Currently, we have three open projects at the level of “Laurea Magistrale” and in exceptional cases also the “Laurea di Fisica.”
Machine Learning Room Temperature Superconductors
This year the field of superconducting hydrides has witnessed a huge step towards delivering the first near room-temperature superconductors. A couple of months ago two independent groups have measured in LaH10, critical temperatures of superconductivity of ~250 K and ~260 K, respectively. The discovery of these compounds, previously predicted, tremendous proves the progress in theoretical and computational methods. Further progress in computational techniques is highly desirable in order to speed up the discovery of other high-Tc materials. Help could come from advanced methodologies such as machine learning models, fingerprints and neural networks that are robust and well tested in other fields. During the development of this thesis, you will be brought up top-speed into the state of the art material simulation methods: we will build a machine learning model and test its accuracy versus a curated database. Succeeding in this task and you will be able to predict superconducting values of TC. Only a handful subset of materials from hundreds that have been proposed have been measured. Considering a large number of systems that contain hydrogen and the vast space of thermodynamic conditions yet to be explored, there is plenty of room for discovering your new high-Tc material! You will be working in a new team, highly active, young atmosphere and you will have access to the fastest supercomputer in Europe. Basic Linux and basic programming is a plus.
Tags: superconductors, computational modelling, machine learning, and descriptors. Tools: DFT, supercomputer, linux, fortran, python, jupyter.
Complex Phase Transformation in 2D materials
Two-dimensional materials are substances with a thickness of a few nanometres or less. Electrons in these materials are free to move in the two-dimensional plane, but their restricted motion in the third direction is governed by quantum mechanics. Prominent examples include quantum wells and graphene. Other systems of interest are materials that easily exfoliate or are fabricated from 3D counterparts. We will focus on intermetallic compounds that, in their bulk, have been extensively studied for the purpose of thermoelectricity, superconductivity and as hard materials. In this work, we propose to revive and study a subset of these materials and understand the process that leads to a specific transformation from 3D to 2D. This transformation is not simply peeling like in graphite that leads to graphene, but involves re-arranged of bonds and is driven by an energetic reaction. We aim to understand this complex transformation by mapping the lattice vibrations and to derive the results to an experimental observable (spectroscopy, Raman, IR, etc). Succeeding in this task, and you will be able to unmask novel thermoelectric materials.

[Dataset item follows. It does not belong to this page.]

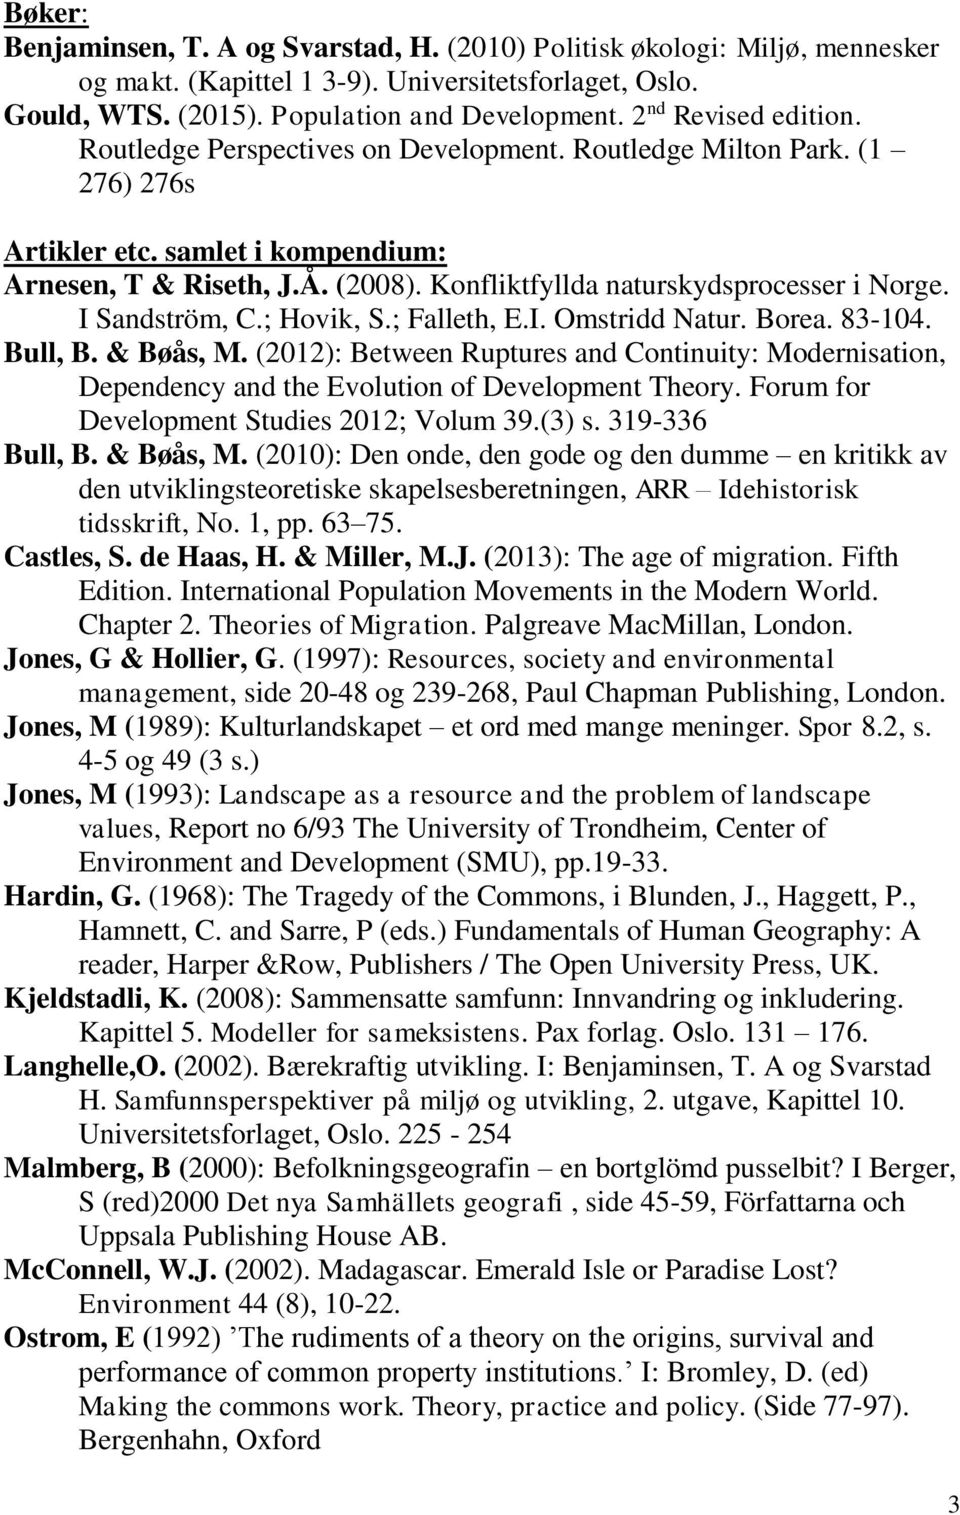 Konfliktfyllda naturskydsprocesser i Norge. I Sandström, C.; Hovik, S.; Falleth, E.I. Omstridd Natur. Borea. 83-104. Bull, B. & Bøås, M.

Tags: 2D intermetallic materials, computational modelling, anharmonic phonons, thermoelectricity. Tools: DFT, supercomputer, linux, bash, fortran.
Computational Evaluation of Prospective High-Performance p-Type Transparent Conductors
Transparent electronic and photonic devices have been a long-coveted technological advancement that would enable the creation of many futuristic applications, allowing us to turn windows into power generators (solar panels). At the centre of this technological advancement are unique materials –transparent to visible light, yet capable of sustaining an electric current. Such materials, known as transparent conductors (TCs), are typically formed from wide bandgap semiconductors, where the mobile charge carriers are introduced by heavy doping. The electrons (n-type) or holes (p-type) are generated through point defect incorporation. Though such point defects, as the name implies, create structural imperfections in the host crystalline lattice, their presence is key to the performance of TC materials. High-throughput studies are gaining increasing popularity as a tool for predicting p-type transparent conductors, however, the lack of appropriate descriptors makes the efficient screening of materials for this purpose challenge. Yet, in order to identify and validate novel descriptors, more robust data on non-oxide p-type transparent conductors is needed. During this project, we will focus on point-defect (native and impurity) calculations in a variety of wide bandgap materials. We suggest an in-depth investigation of the p-type propensity of all recently speculated, but not experimentally verified, p-type TC materials through an exhaustive study of native defects. Succeeding in this goal will open possibilities to advance the field of transparent conductors and bring futuristic applications at hand.
Tags: Semiconductors, p-type conductivity, computational modelling, high-throughput. Tools: DFT, hybrid calculations, supercomputer, linux, python.